I Don’t Write Meal Plans. Here’s Why.

I have written two meal plans in my 5 years as a dietitian (excluding hospital menus, of course). I wrote the first one because I thought it was a good way to expand what I was able to offer, and help people in a different way. The second one was more of a diet template, written for a friend. Based on my experience with the first one, I decided this was not something I wanted to offer. Why?

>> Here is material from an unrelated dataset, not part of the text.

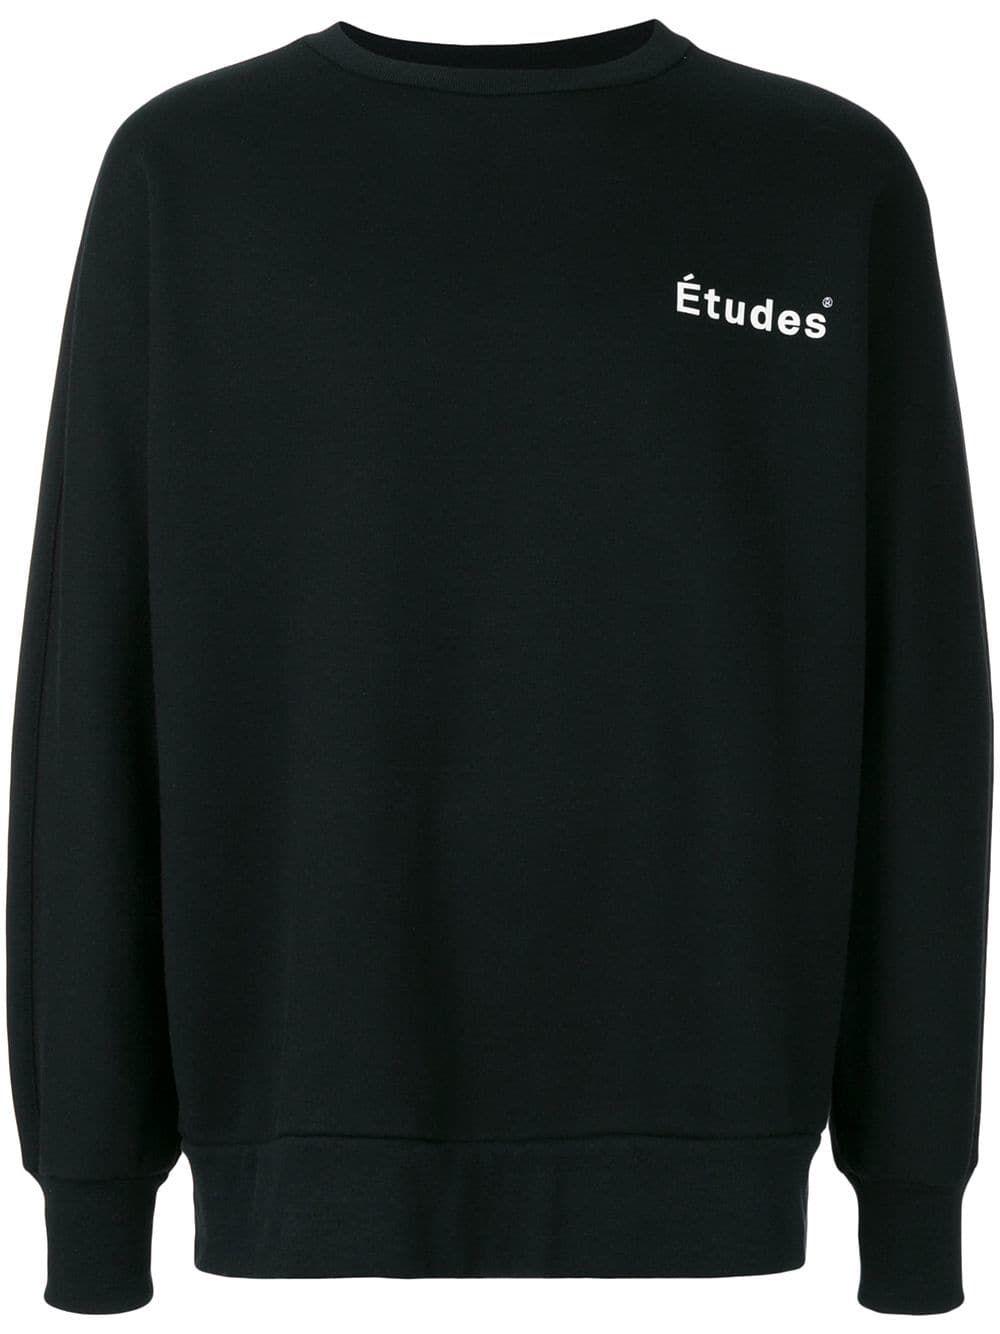 Adidas All Over Print Sweatshirt Farfetch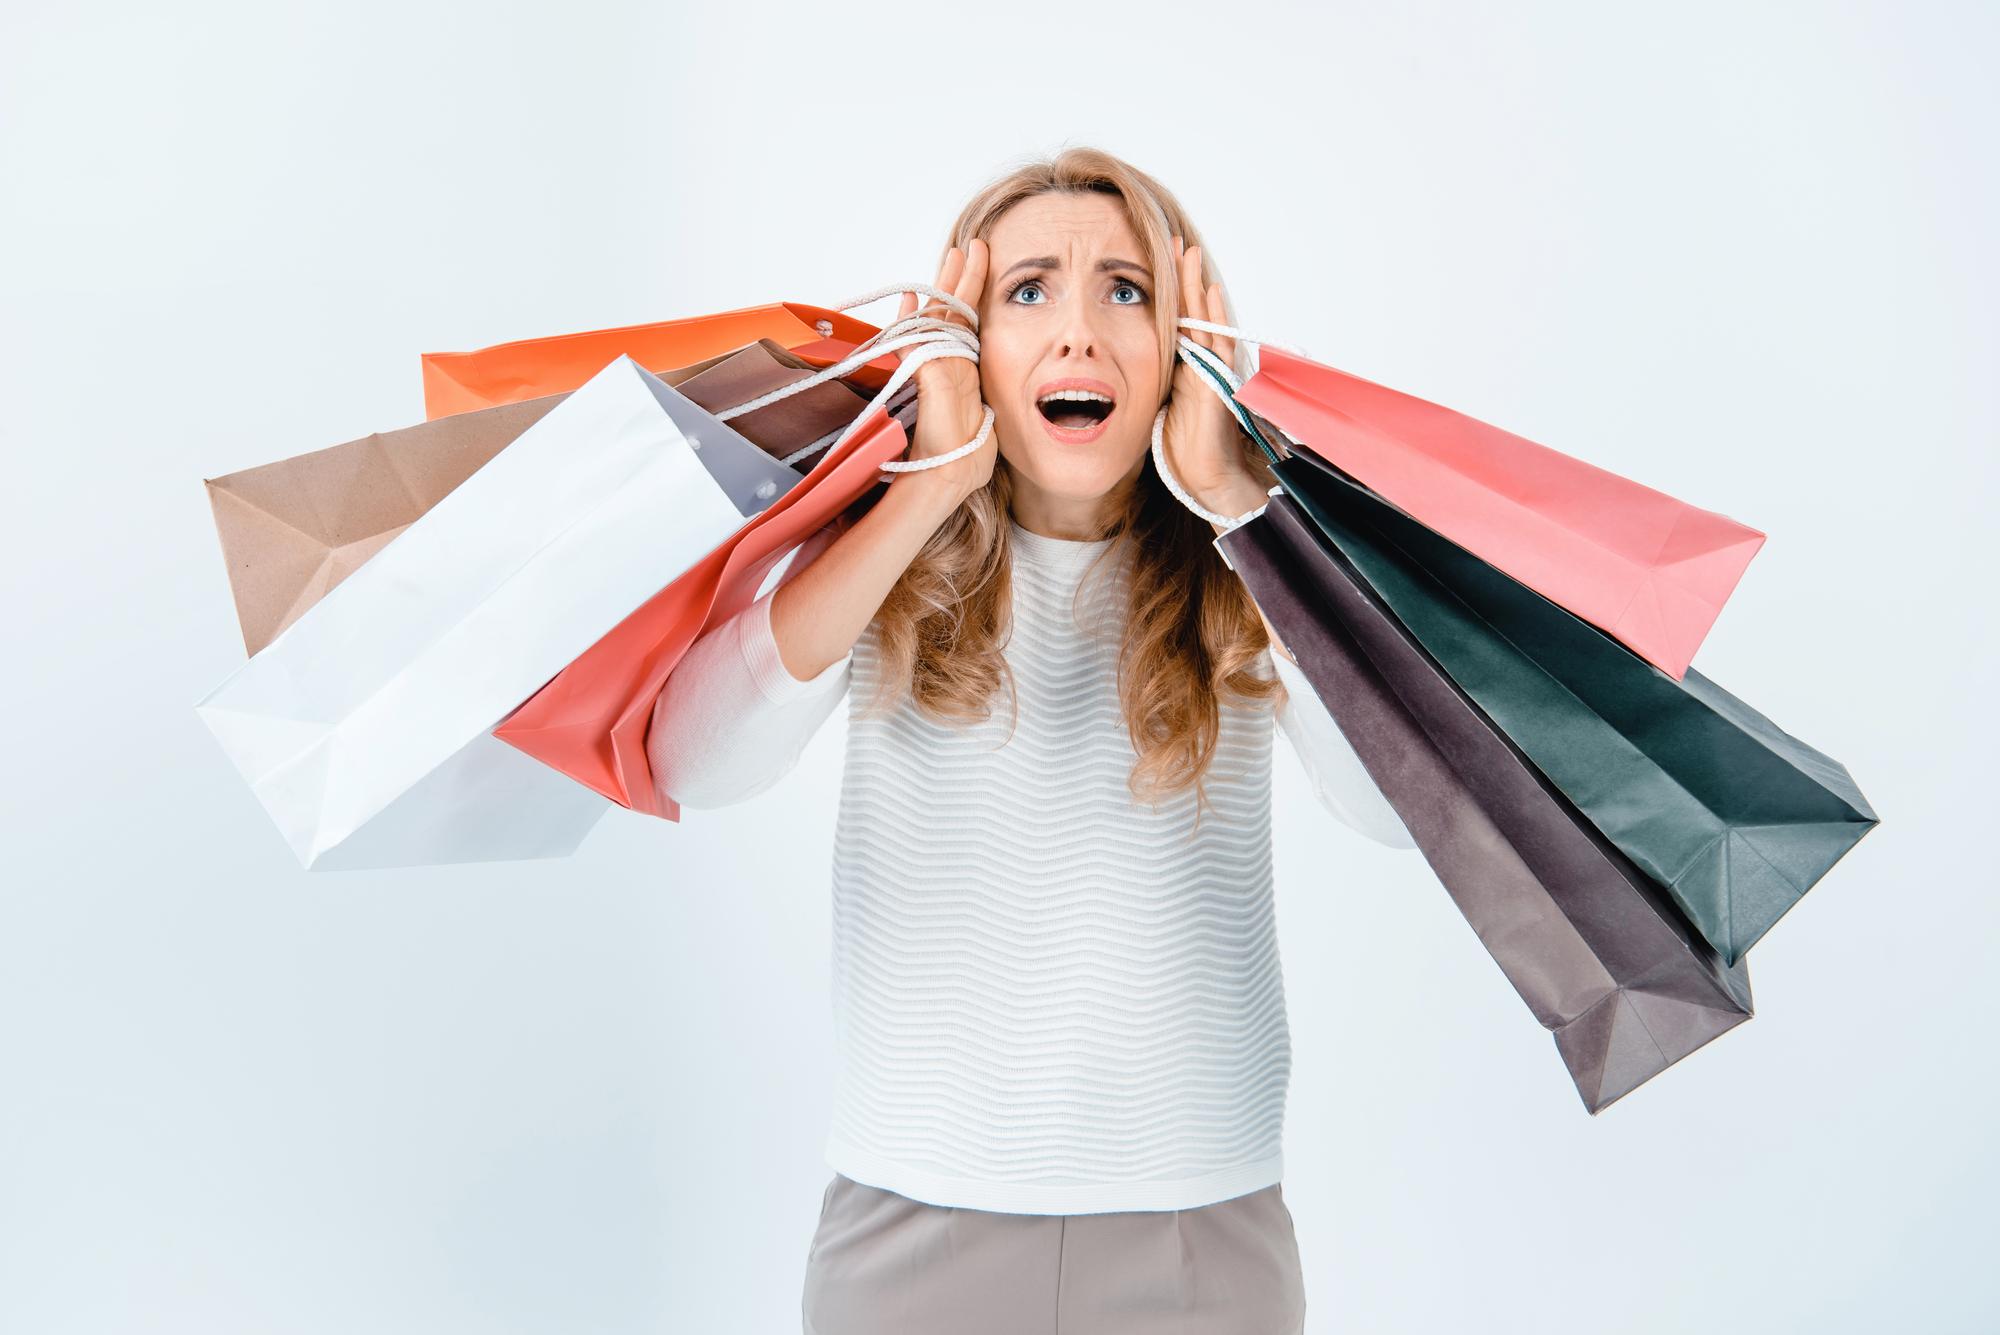 Kvindelig forbruger

For starters, it’s a lot of work if done right. There are numerous factors that determine the best diet for someone to follow, including:

  • Past medical history
  • Current lifestyle
  • Client goals
  • Diet history
  • Fitness capabilities
  • Dietary preferences

When creating a meal plan for 30 – 90 days (the length of time I usually see them offered), you need to make sure they are meeting their calorie goals, getting all the right micronutrients, eating foods they like at times convenient to their lifestyle, all while making sure there is flexibility because life happens. I wrote a draft of one month of programming for CrossFit Boston, and that was a walk in the park compared to writing a 30 day meal plan. I spent about 10 hours doing this, which makes it either expensive for the client or not that profitable for me. The best way to make money off of a meal plan is to create something completely generic at a couple of different calorie levels and sell it to as many buyers as possible.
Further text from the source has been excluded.